A sensory system consists of sensory receptors that receive stimuli, neural pathways that conduct this information to the brain, and the brain processing the information.
Table of Contents
A sensory system is a part of the nervous system consisting of sensory receptors that receive stimuli from the internal and external environment, neural pathways that conduct this information to the brain and parts of the brain that processes this information. The information is called sensory information and it may or may not lead to conscious awareness. If it does, it can be called sensation.
Specialized endings of afferent neurons or separate cells that affect the ends of afferent neurons. They collect information about the external and internal environment in various energy forms-and energy that activates a receptor is called a stimulus. Stimulus energy is first transformed into graded or receptor potentials and the process by which a stimulus is transformed into an electrical response is called stimulus transduction.
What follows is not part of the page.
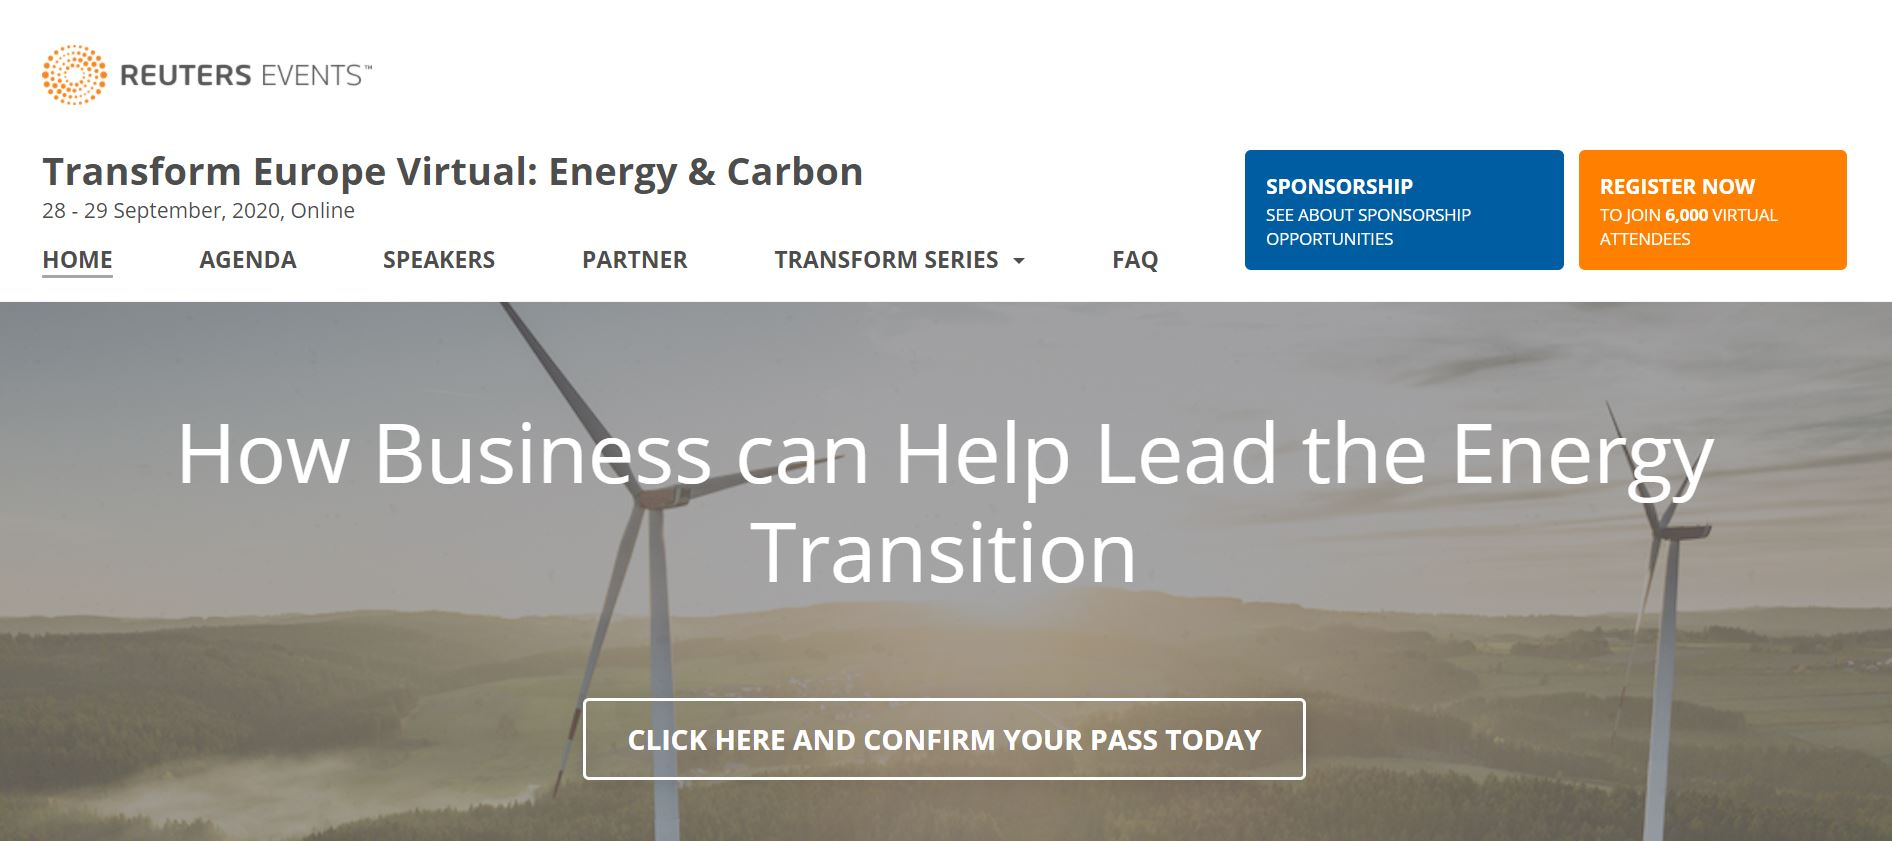 Reuters Events_ Transform Europe Virtual: Energy & Carbon

Each receptor is specific to a certain type of stimulus, which is called its adequate stimulus. Specificity also exists in the range of stimulus energies that the receptor responds to. However, a receptor can be activated by a nonspecific stimulus if its intensity is sufficiently high.
Gating of ion channels in specialized receptor membranes allows a change in ion fluxes across the membrane, generating a graded receptor potential. The graded potential initiates an action potential, frequency and NOT magnitude of which is determined by the magnitude of the graded potential. The magnitude of the receptor potential is determined by stimulus strength, the summation of receptor potentials, and receptor sensitivity. The decrease in sensitivity with a constant stimulus is called adaptation.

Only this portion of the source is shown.